User-agent: GPTBot           # OpenAI
User-agent: ClaudeBot        # Anthropic
User-agent: PerplexityBot    # Perplexity
User-agent: Google-Extended  # Google's generative models
User-agent: CCBot            # Common Crawl

Default position: allow them all. Blocking AI crawlers means opting out of being cited. Most sites that care about showing up in AI answers allow everything.

Semantic chunking for RAG

When a RAG system retrieves your content, it doesn't grab the whole page. It grabs a chunk, usually a few paragraphs. If the chunk doesn't make sense without the rest of the page, it gets discarded.

Write chunks that stand alone:

Each H2 section should be understandable without the H1 context.
Open sections with a one-sentence summary that restates the topic.
Define acronyms the first time they appear in each section.
Avoid "as mentioned above" or "we saw earlier."

Every heading section is a standalone document in miniature.

Citation surface

Being cited by an LLM matters more than ranking on page one, because AI answers often don't show ten blue links. There's one answer, maybe three sources linked underneath.

Surfaces to optimize for:

ChatGPT with web search
Claude with web search and citations
Perplexity (citation-first by design)
Google AI Overviews
Bing Copilot

What gets cited: recent, specific, well-structured content with clear authorship and timestamps. Generic content that reads like it was written by committee gets skipped.

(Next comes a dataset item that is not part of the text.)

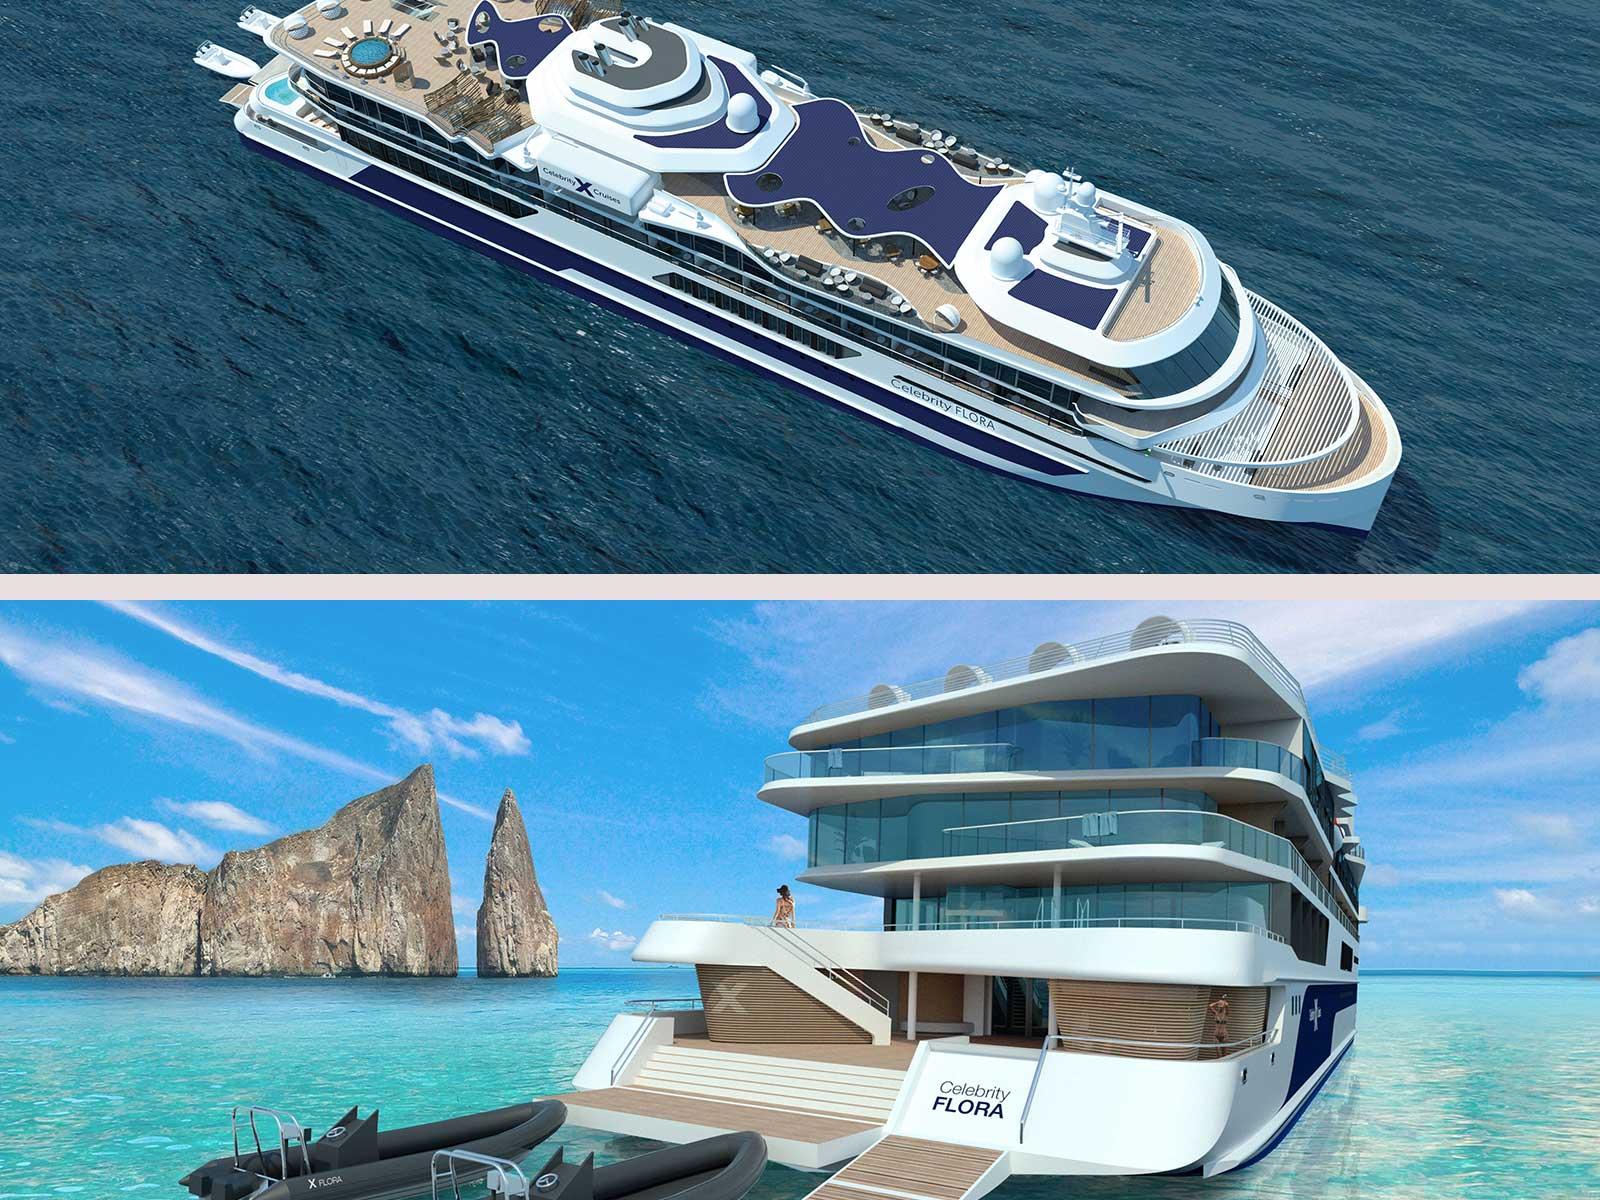 Le Celebrity Flora, premier yacht de luxe d'expedition intimiste de la compagnie Celebrity Cruises.

What's bleeding edge right now

A few things moving fast as of 2026:

LLM-specific content formats: structured YAML frontmatter on pages, MCP (Model Context Protocol) endpoints exposing site data directly to agents.
Direct-to-LLM APIs: some sites publishing JSON feeds optimized for model consumption over HTML.
Verifiable content: cryptographic signatures on content to prove authorship and recency.
Conversational schema: Q&A pairs shaped for how people ask LLMs questions, not how they type search queries.
llms.txt proliferation: going from niche spec to default practice.

What to actually do

If you have a site and you care about this:

Add llms.txt and llms-full.txt.
Declare them in robots.txt and in <link rel="llms-txt">.
Add JSON-LD schema to every page (Article, Person, Organization, BreadcrumbList).
Use sameAs on your Person schema.
Write content in self-contained chunks with clear H2 structure.
Keep publish and modified timestamps visible and accurate.
Don't block AI crawlers unless you have a specific reason.

Traditional SEO isn't going away. But the next ten years of search optimization are about being the source an AI reaches for, not the link a human clicks.